The ML methods provide promising solutions, particularly on a regional scale, even with limited geotechnical parameters [1]. However, in earlier studies, the default settings of the ML methods were used by assuming the normal distribution of the input data [7]. Yet, in landslide hazard studies, the variables might not normally be distributed, instead, they may have a Gaussian-like distribution (e.g., nearly Gaussian but with outliers or skewed) or a different distribution (e.g., exponential). Ideally, the majority of ML algorithms perform better when the input variables have a standard distribution form, as this provides an easier path for the algorithms to learn the weights of the parameters [8]. Moreover, it keeps beneficial information regarding the outliers and makes the algorithms less sensitive to them [9]. Thus, feature transformations [8], which are a part of feature engineering, can assist in fulfilling this aim. Feature engineering was initially established by George Box and David Cox to solve a situation involved with linear regression [10]. It happens in the pre-processing stage in ML before the primary modeling, providing a better understanding of the models’ behavior for the computer; however, it is a time-consuming part of learning in the projects [8]. Therefore, to achieve further robust modeling, most of the efforts in ML should be assigned to the pre-processing design/step [11,12]. This step has the potential to boost the learning scheme and the final output; more specifically, it was settled with the most recent advancements in the discipline of speech recognition [13,14] image processing [15] (e.g., in images dimension reduction or auto-encoders data) as well as diverse domains of science such as medical [16], biological [17], business, stock market [18], genetic [19], and information systems [20].

Numerous studies have been carried out in landslide susceptibility studies with respect to the different aspects of sampling methods [3,21], ML architecture [22], and validation measures [23]. Numerous studies have focused on sampling strategies, the selection of training samples, and addressing the effects of incomplete datasets [21,24]. Many studies have attempted to improve landslide susceptibility models by proposing new input factors into the process, including conditioning factors optimization [25,26]. For instance, researchers emphasized the comparison of different combinations of conditional factors, assuming the normal input for the analysis [27]. Other researchers have also developed techniques to assess the impacts of data resolution and scale [28], conditioning factors, data preparation methods for conditioning factors [7], and optimization techniques for statistically selecting the best factors [29]. As an example, scientists evaluated the effects of the spatial resolution of the digital elevation model (DEM) models and their products on landslide susceptibility mapping by considering the minimax normalization for the factor pre-processing [30]. Other researchers used ten continuous conditioning factors with an individual neuron for each variable, applying the common (minimax) normalization for the input variables [28]. Researchers also investigated the effects of factor optimization with artificial neural network (ANN) and logistic regression (LR) methods, concluding that the ANN method outperformed after optimization. Minimax transformation was utilized for the input, and the importance of such a processing step before modeling in landslide susceptibility was pointed out [31].

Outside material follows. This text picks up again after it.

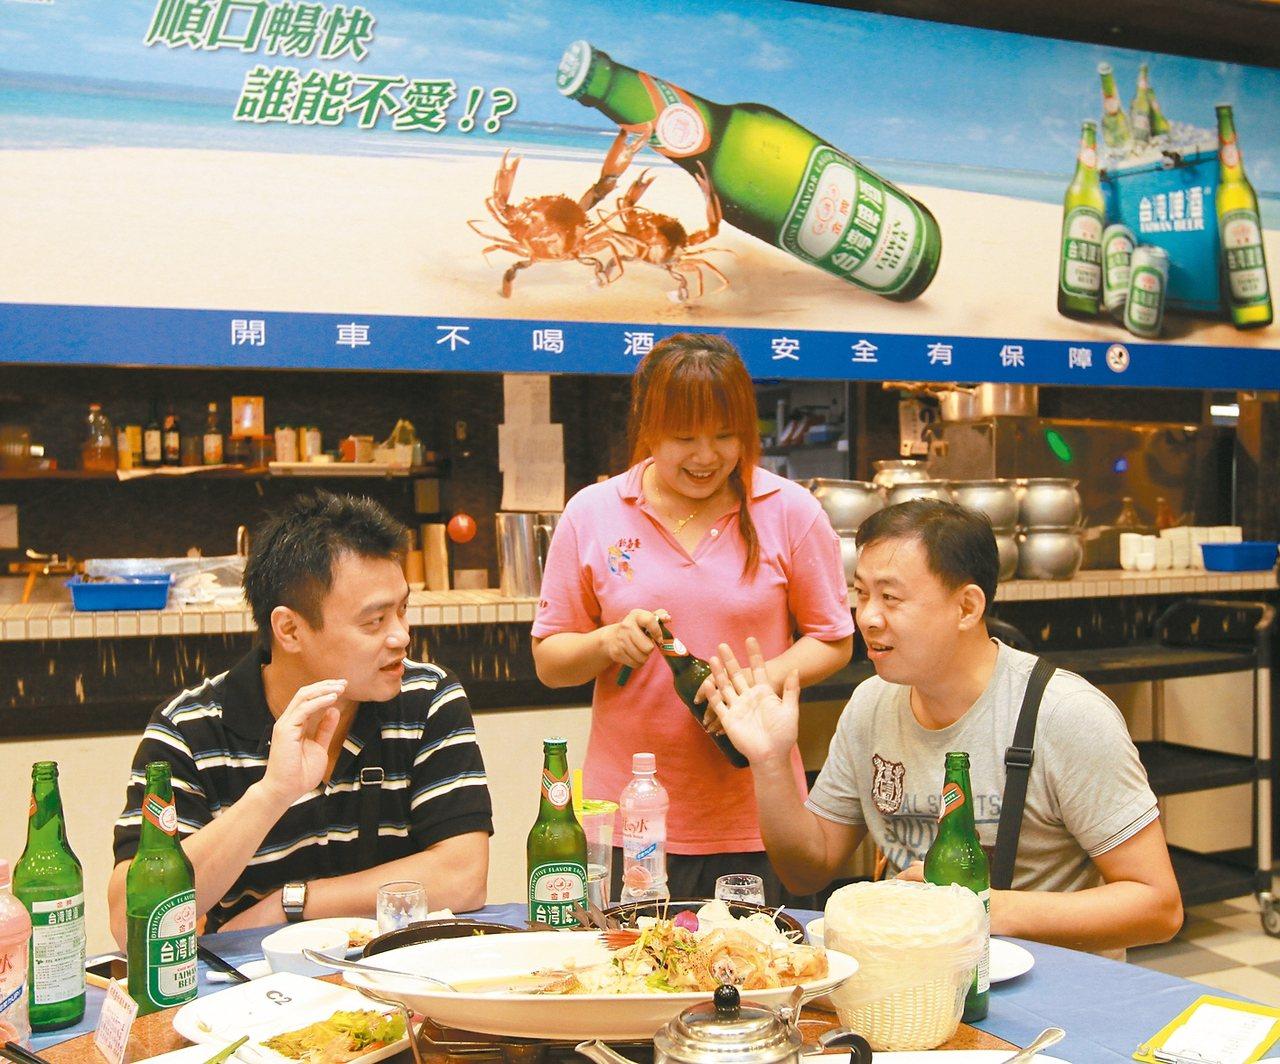 交通部鎖定有販售酒類餐廳,提供酒測器給民眾使用,酒測值超標餐廳人員會勸導不要開車...

Furthermore, model parameterization and integration strategies have aided in improving landslide susceptibility mapping [32]. Statistical and ML models are often affected by the selection of proper hyper-parameters (parameterization) for a specific case study, and it has been extensively studied in the context of landslide susceptibility assessment. For example, researchers investigated various support vector machine (SVM) kernel functions for the input, including linear, polynomial, radial, and sigmoid functions, in which the radial showed the best performance compared to the other functions [32]. A comprehensive study in the Cameron Highlands, Malaysia, evaluated the performance and sensitivity analysis of various ML techniques such as the expert-based, statistical, and hybrid models. The type of pre-processing used in their study was mostly focused on removing the noise, the selection of the most important conditioning factors, and the conventional data normalization for the input [7]. Scholars implemented the powerful Gaussian function for the input and the susceptibility maps were generated based on the decision tree (DT), SVM, and adaptive neuro-fuzzy inference systems (ANFIS) in Penang, Malaysia [33].

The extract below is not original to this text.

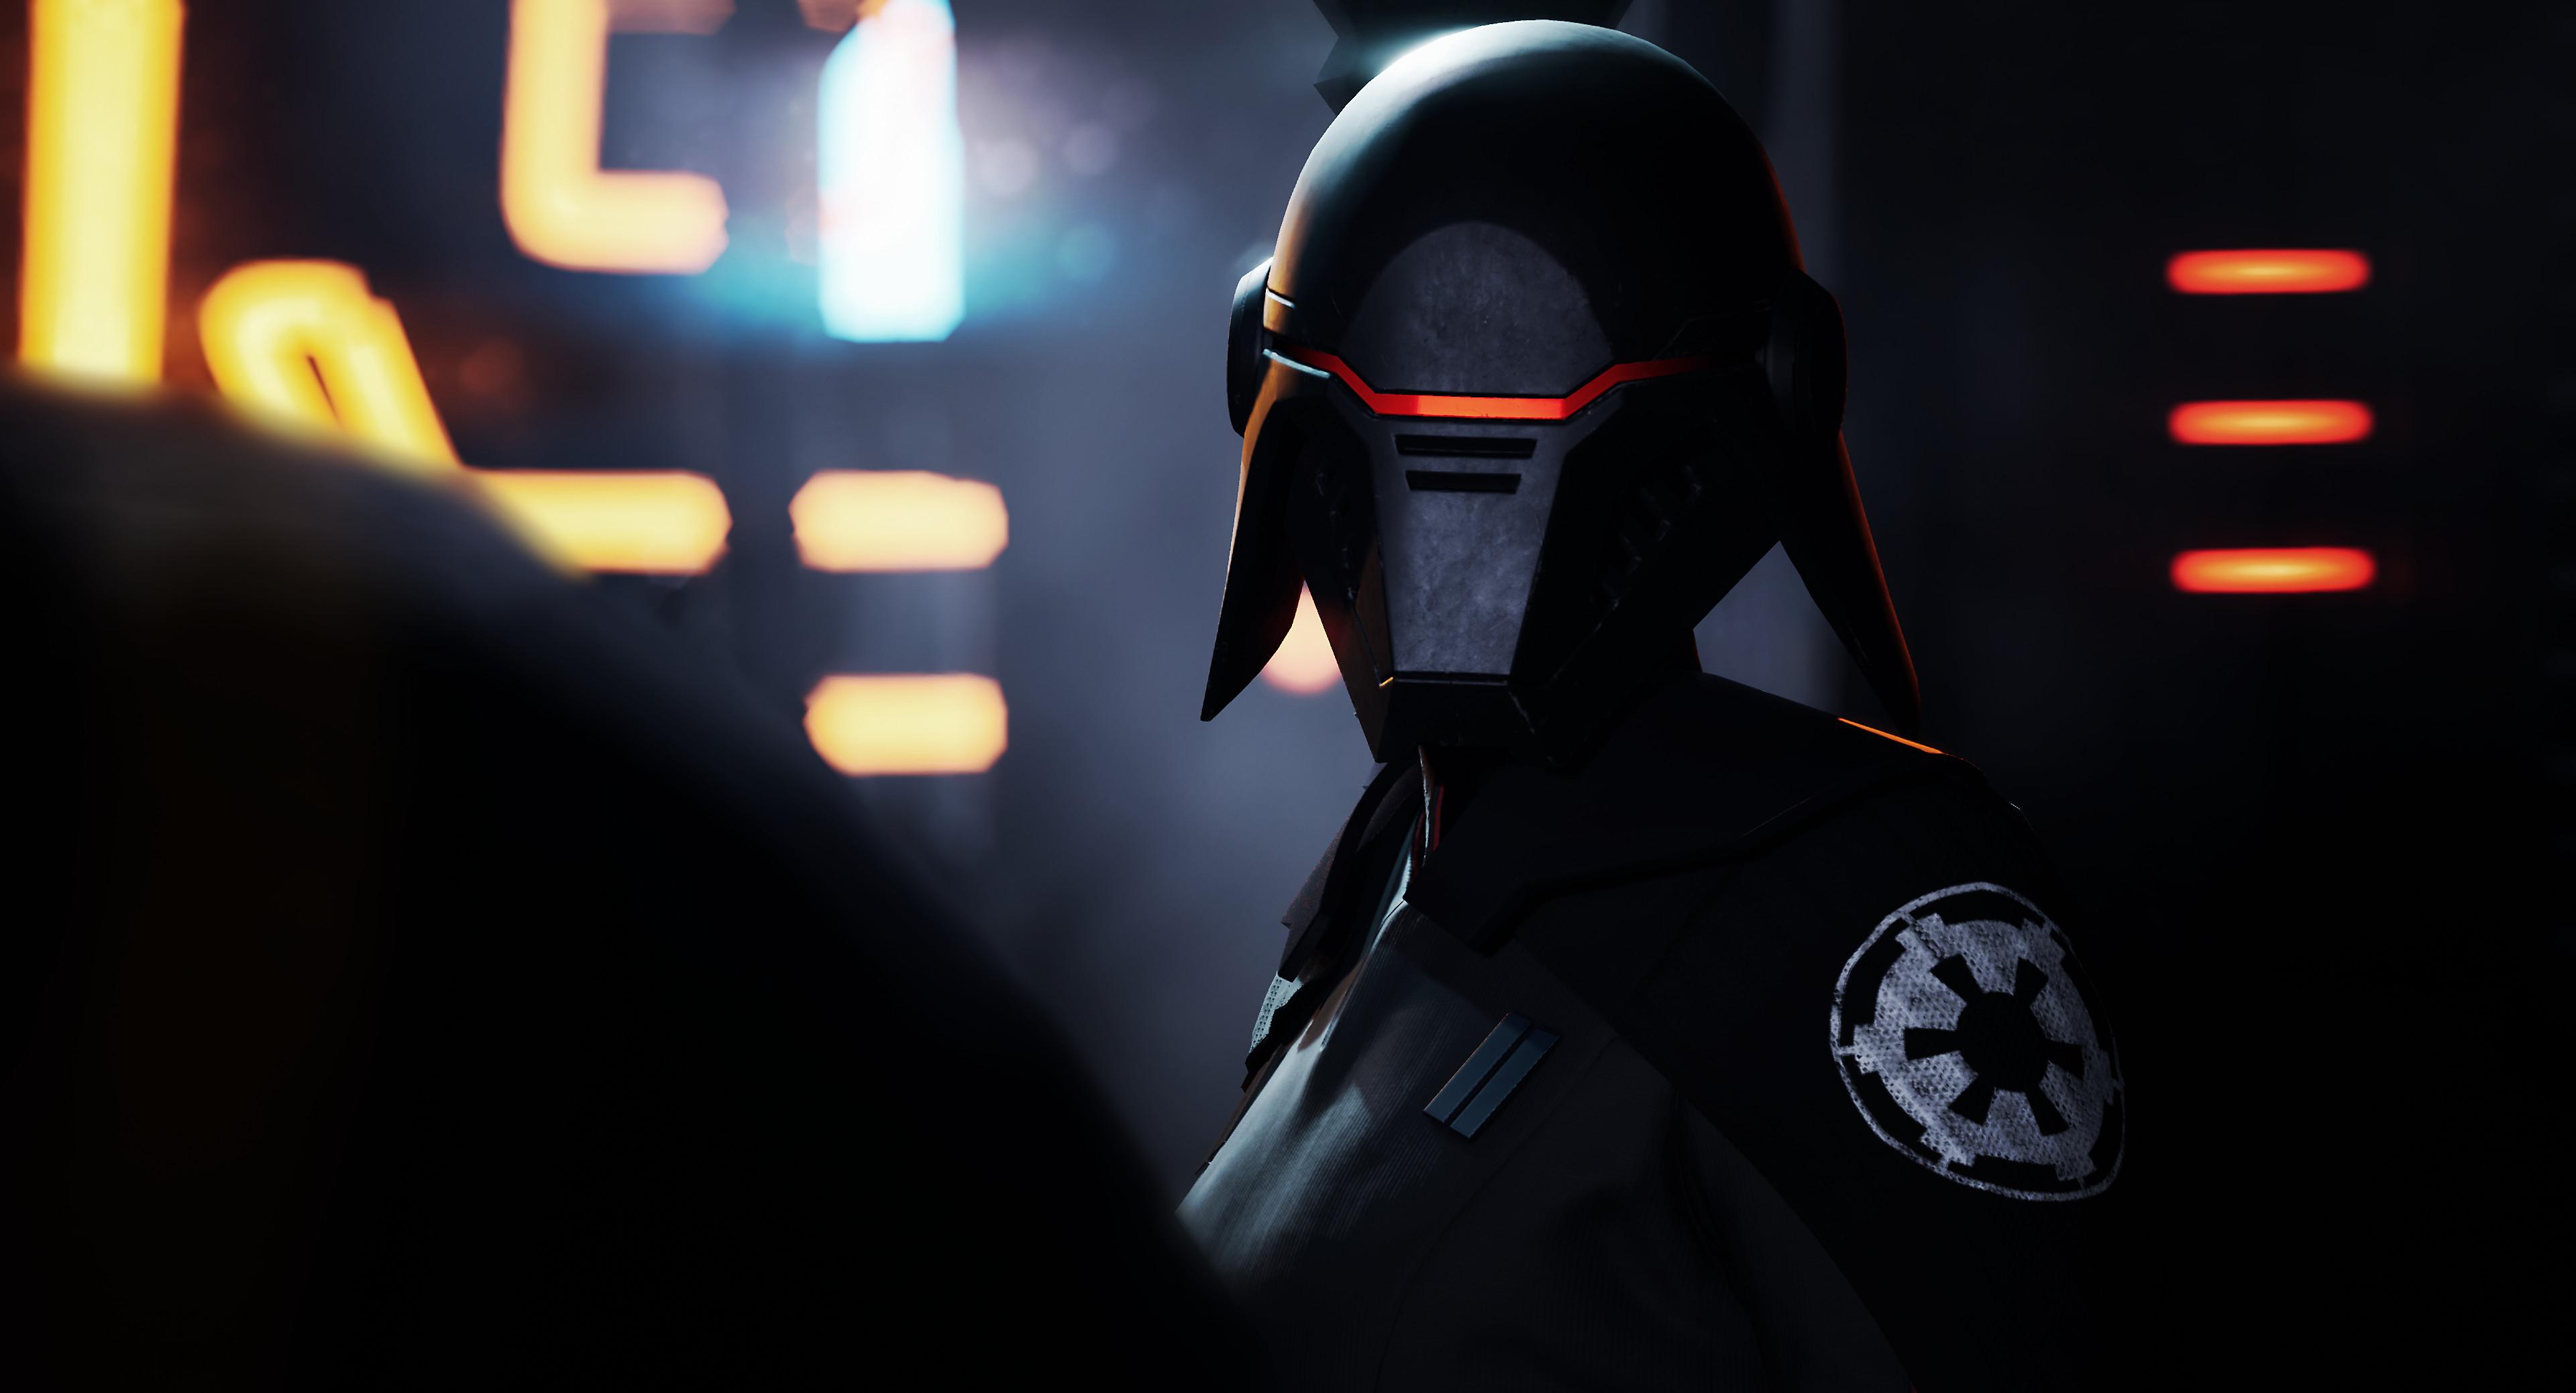 Star Wars Jedi Fallen Order Wallpapers in Ultra HD 4K

Improving landslide modeling through ensemble strategies has also been an active research field in landslide studies. The ensemble techniques performed well in generalizing compared with other previous methods of ANN, SVM, and Naïve Bayes (NB) applied to the same study area; however, these studies utilized the default form for feeding the data [30]. Researchers used the minimax normalization scalar for their modeling and reported that the ANN model outperformed the previous extreme gradient boosting (XGB) model for the same study area. However, limited conditioning factors and inventories were the main drawbacks of their study [34].

More recently, the performance of several MLs, such as the backpropagation neural network (BPNN), one-dimensional convolutional neural network (1D-CNN), DT, random forest (RF), and XGB, was extensively assessed by [35]. In their study, the imbalance in the dataset was eliminated, and the normal distribution for ML models was used. Their result showed that XGB had peak accuracy among the other models. They reported that the pre-processing data workload had a significant impact on the classifier. In multi-hazard modeling (including landslides) various ML methods were designed and assessed using 21 conditional hazard factors [36]. The normalized default of the input was used, and SVM was reported as the most accurate model for predicting landslides. In another study, ref. [37] utilized the normal distribution setting of ML and the Logistic Model Tree model had the highest accuracy followed by LR, NB, ANN, and SVM, respectively.

As evident from the various studies mentioned above, the quality of the training is a crucial element in determining the accuracy and generalization of landslide models. In ML, some methods, i.e., based on the distance between data points, such as k-nearest neighbors (KNN), SVM, or ANN, prefer the input variables to be normalized to gain the best practice of modeling. Previous studies significantly improved the landslide models using different approaches, such as data-dependent methods [24,38], diverse architectures [22,33], and training strategies [39,40]. Nevertheless, they used the conventional process of data, e.g., feature normalization, and none of those studies have reported the effect of different feature transportation on model performance.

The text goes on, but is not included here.